Work to complete:
The listing, minus its pictures, is to be given again exactly.

Recorded information:
---*---

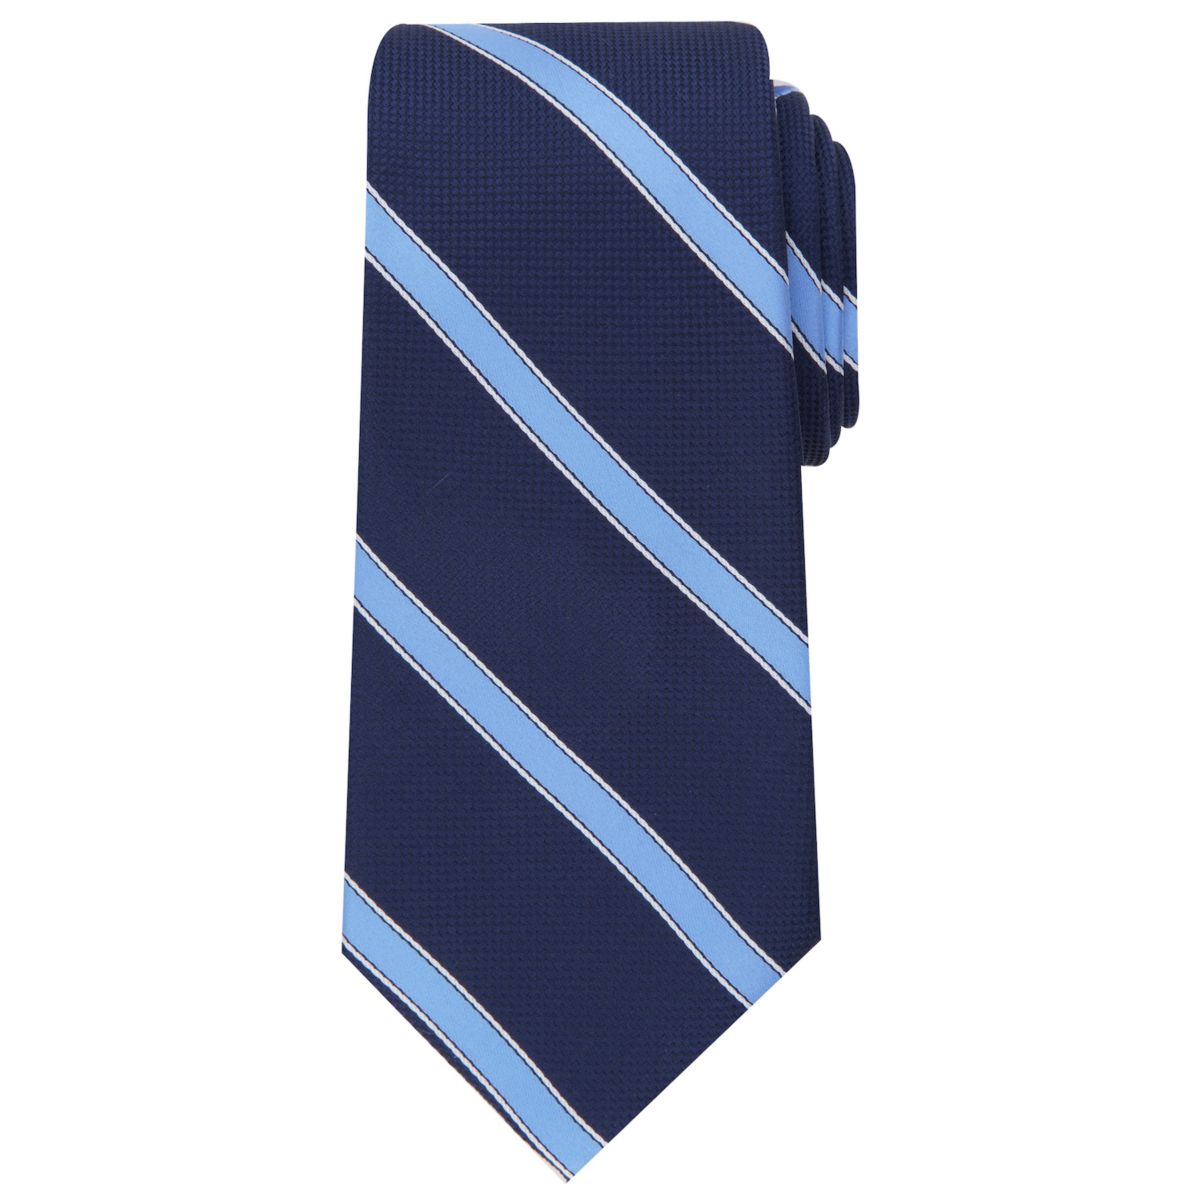 Удлиненный полосатый галстук Big & Tall Bespoke Trotter в полоску Bespoke
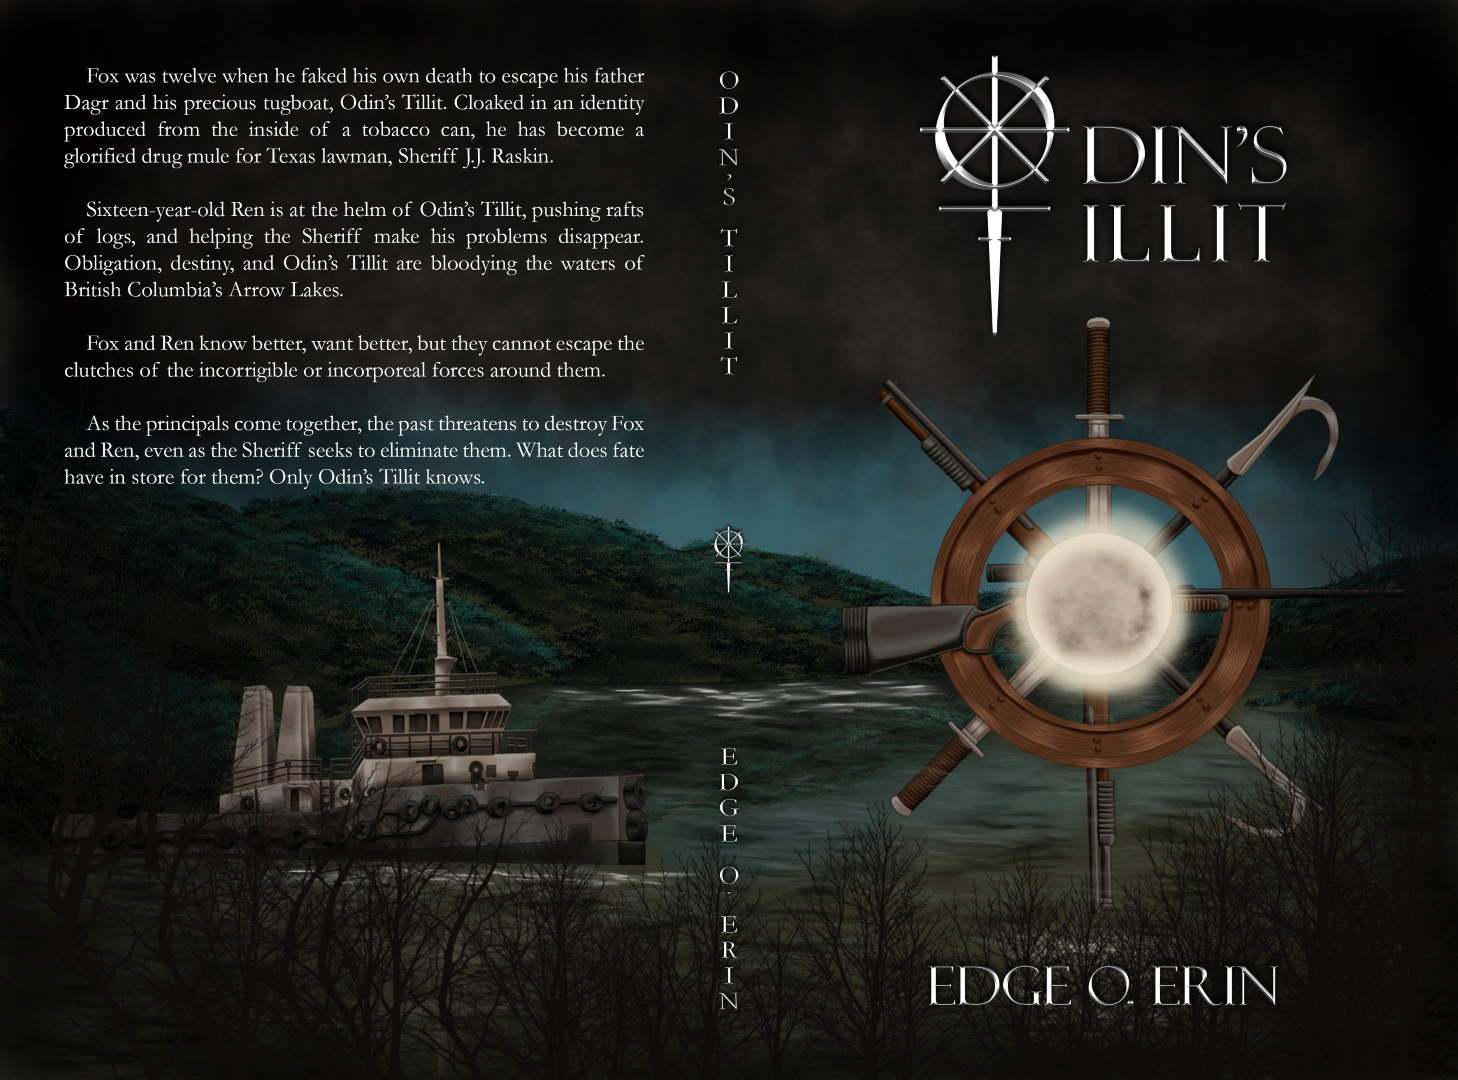 Full hardcover image for the mystery suspense thriller, Odin's Tillit
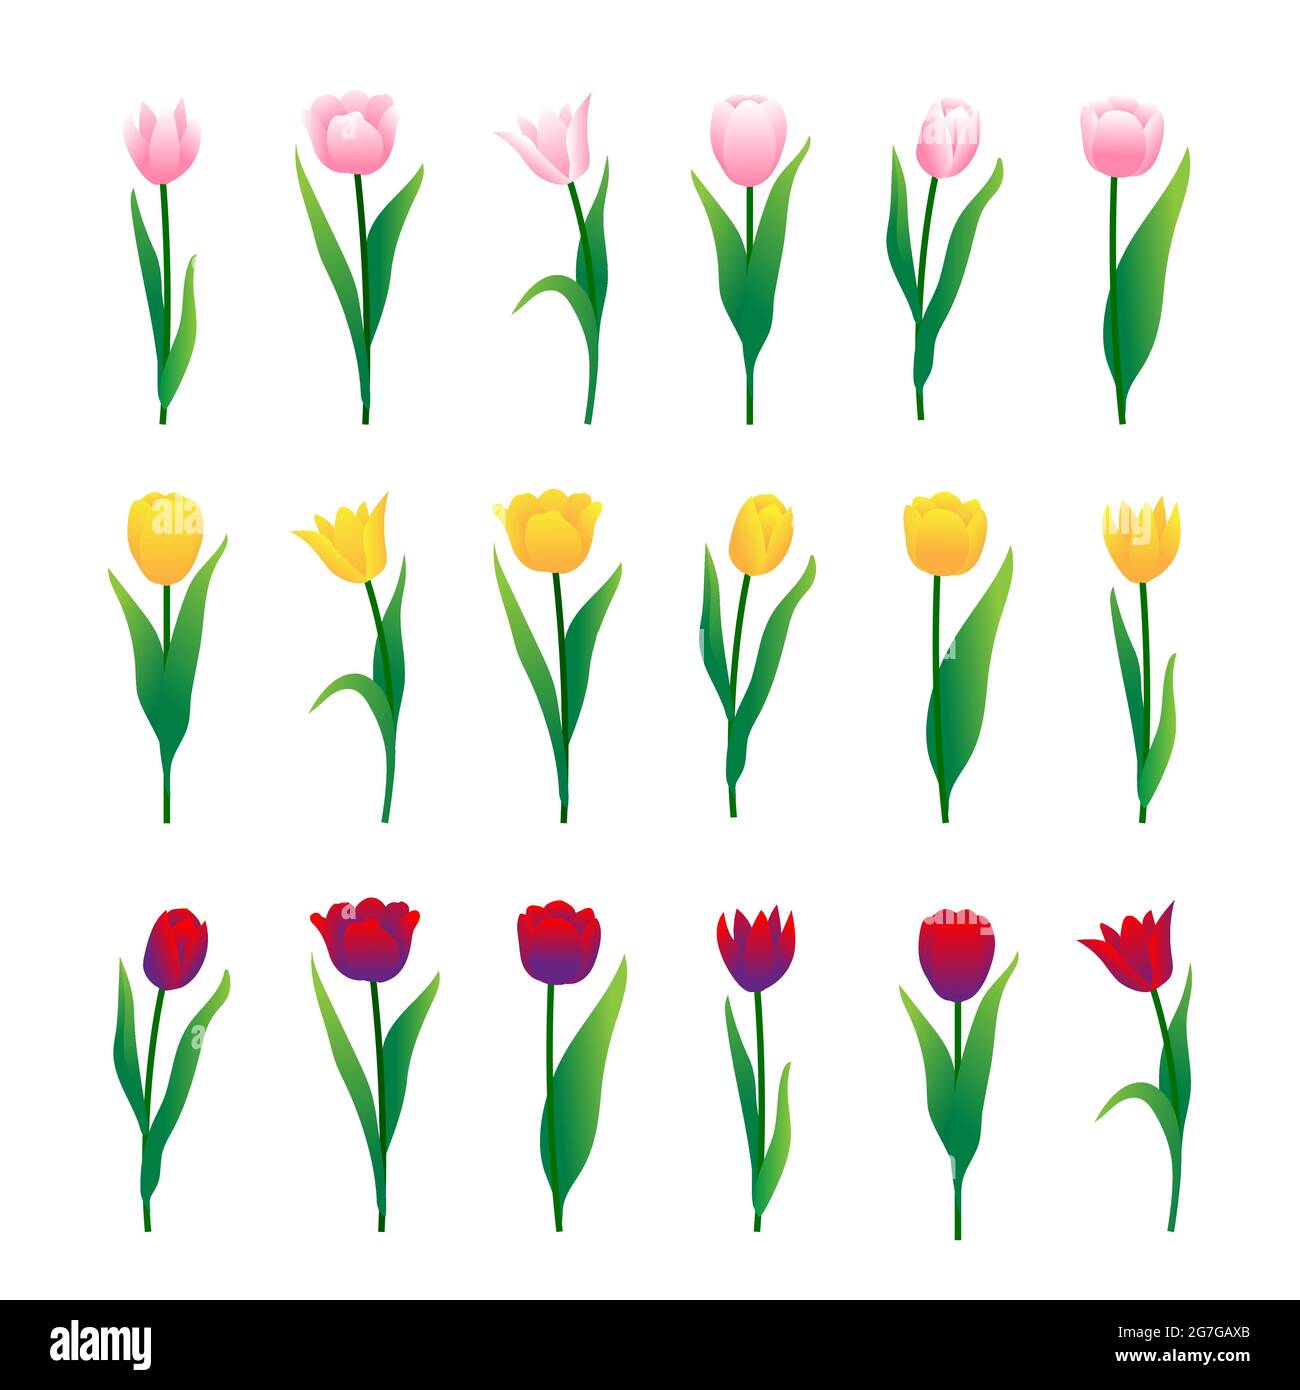 Bunte Tulpen auf weißem Hintergrund isoliert. Vektorgrafiken Stock Vektor

---*---

Task result:
 Удлиненный полосатый галстук Big & Tall Bespoke Trotter в полоску Bespoke
 Full hardcover image for the mystery suspense thriller, Odin's Tillit
 Bunte Tulpen auf weißem Hintergrund isoliert. Vektorgrafiken Stock Vektor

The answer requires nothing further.